Im Rahmen eines Laborvergleichs mit acht Analytiklaboren sowie eines Round Tables mit Expertinnen und Experten aus Forschung, Industrie und Analytik wurde festgestellt, dass bisher keine standardisierte Methode für die Bestimmung des Blausäuregehalts in Leinsamenpresskuchen existiert. Insbesondere die vollständige Spaltung der Glycoside und die Auswahl einer geeigneten Enzymquelle wurden als kritische Faktoren identifiziert.
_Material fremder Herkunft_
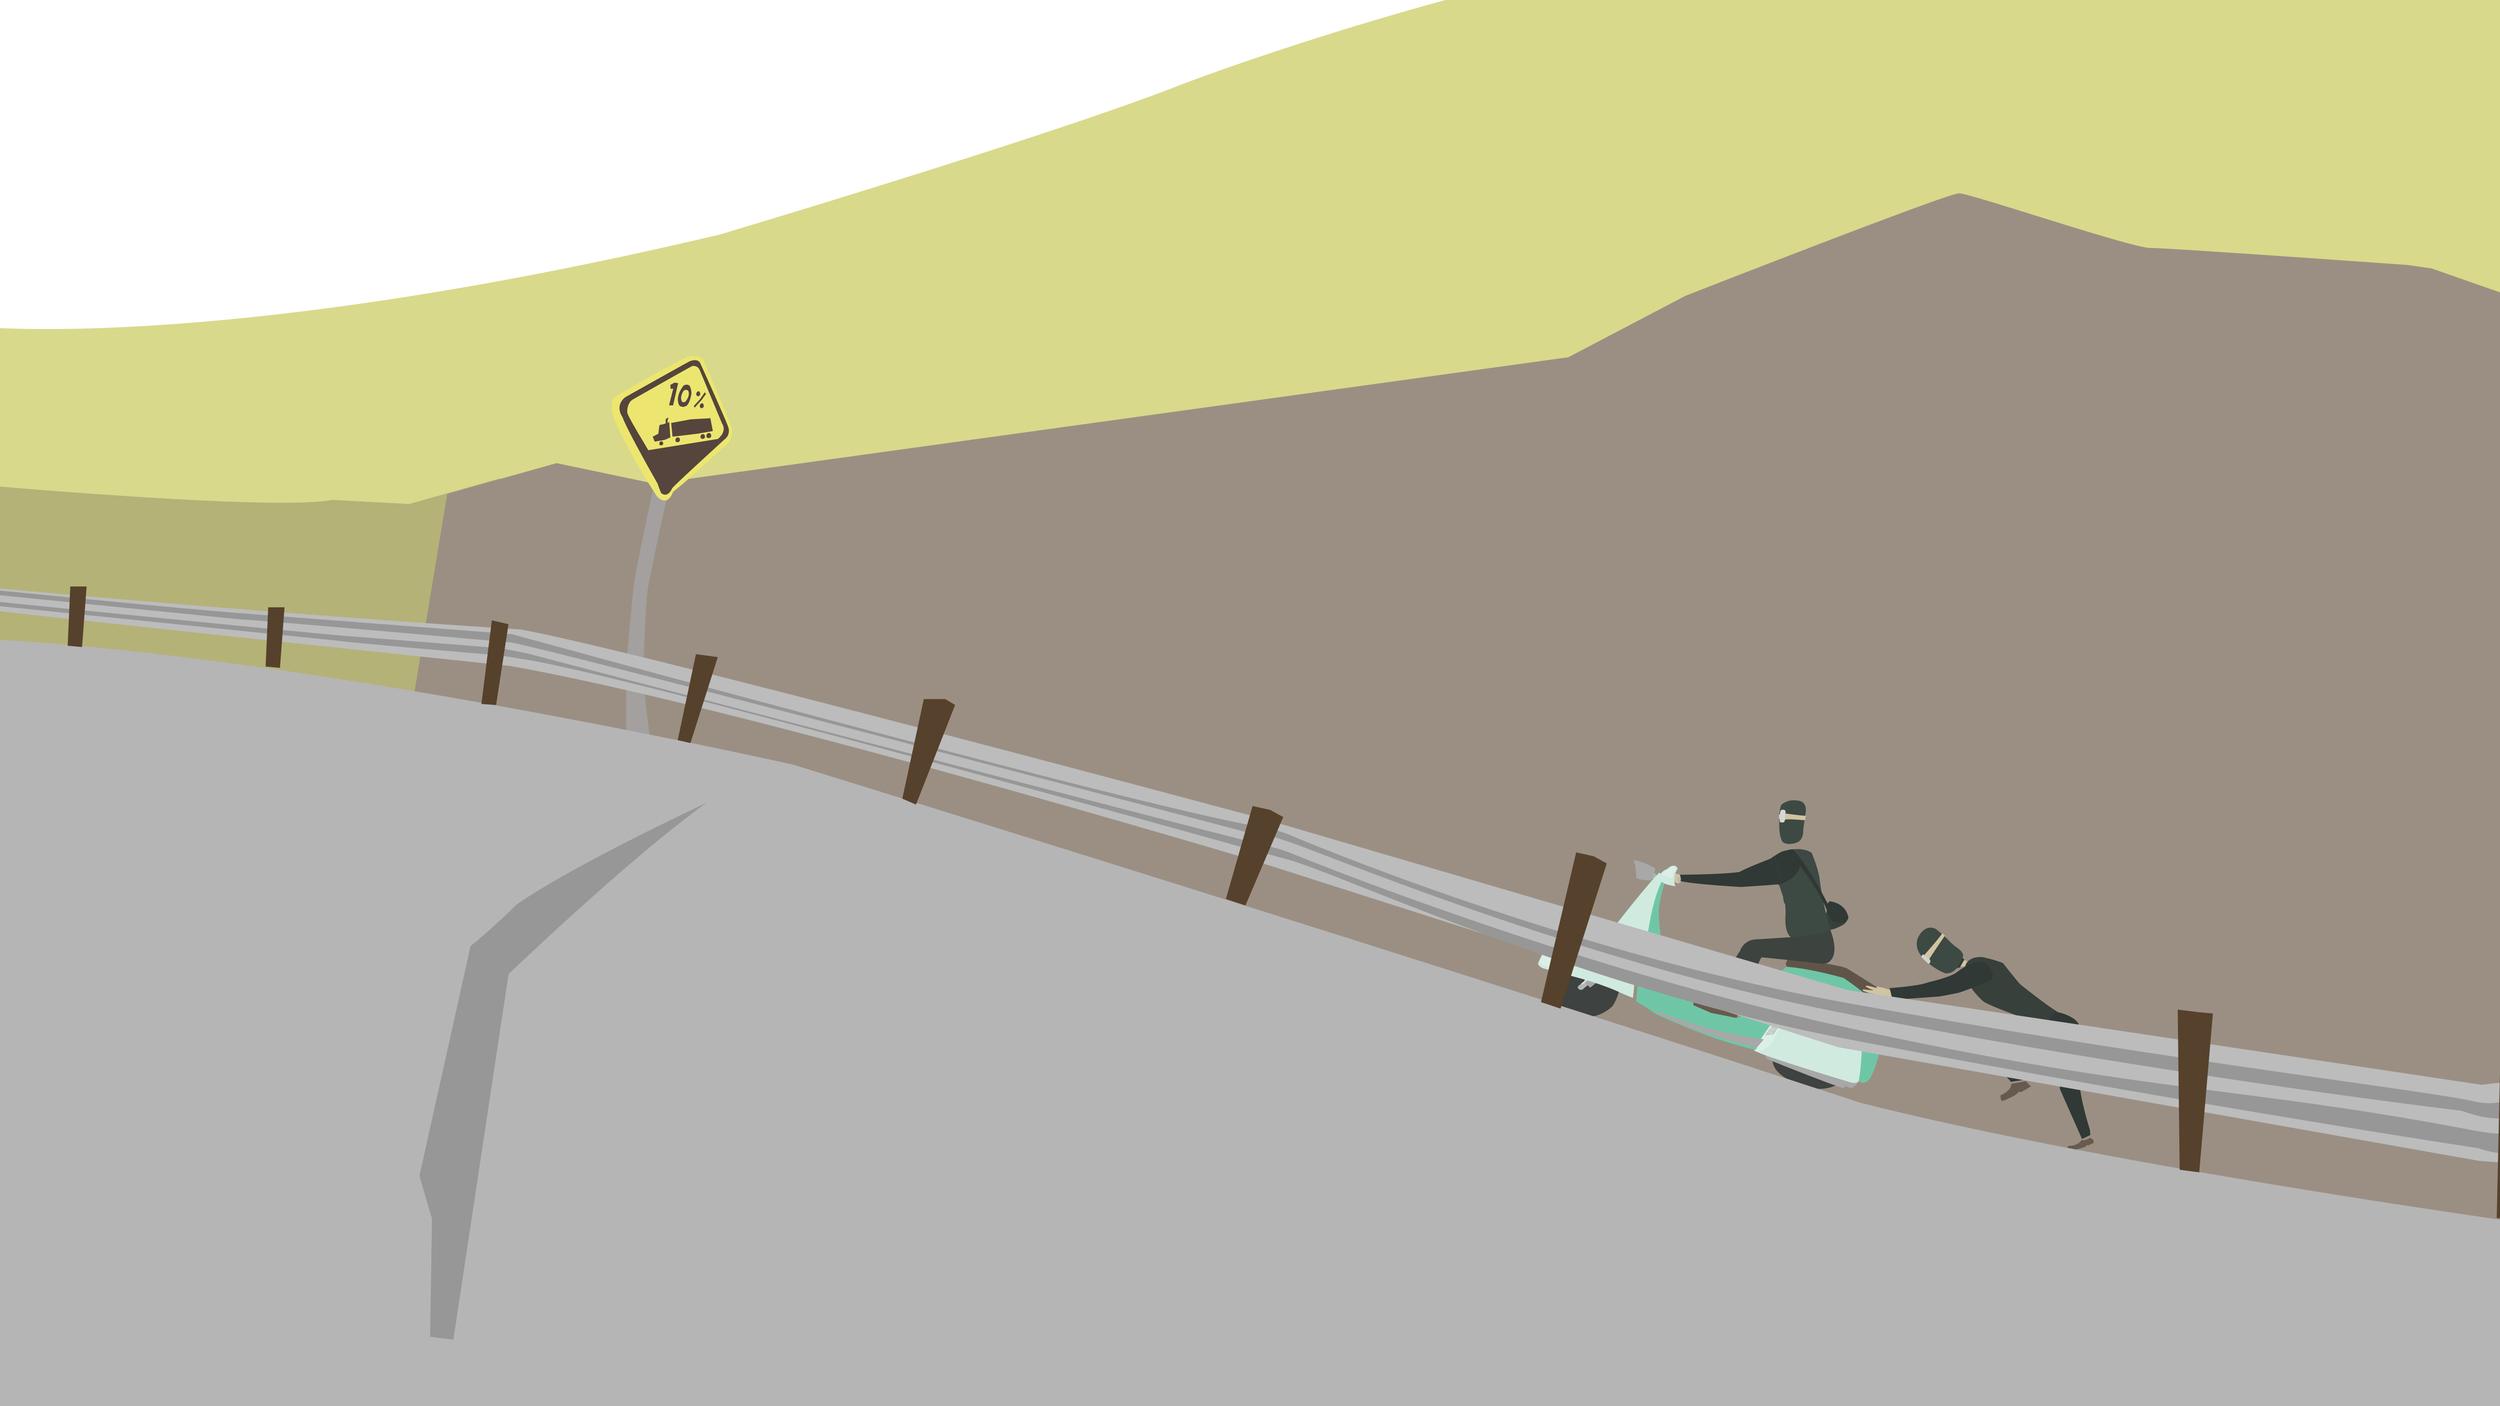 roadtrip_4_web.jpg

Potenzial für die Lebensmittelindustrie
Das entwickelte Verfahren bietet neue Möglichkeiten für die Nutzung von Leinsamenpresskuchen als sichere Zutat in Lebensmitteln. Neben der erfolgreichen Blausäurereduktion wurden die Auswirkungen der Behandlung auf technofunktionelle Eigenschaften untersucht. Die Ergebnisse zeigen, dass der extrudierte Presskuchen weiterhin für die Herstellung texturierter Proteine für Fleischersatzprodukte geeignet ist.
Zukünftige Forschungsarbeiten sollten sich darauf konzentrieren, die Prozessparameter der Extrusion weiter zu optimieren, um die Proteinfunktionalität bestmöglich zu erhalten. Zudem ist die Entwicklung standardisierter Analysemethoden notwendig, um eine zuverlässige Bewertung des Blausäuregehalts von Leinsamenpresskuchen zu gewährleisten. Darüber hinaus müssen Strategien für eine sichere Ableitung und Entfernung der freigesetzten Blausäure im industriellen Maßstab erarbeitet werden, um eine breite Anwendung in der Lebensmittelindustrie zu ermöglichen.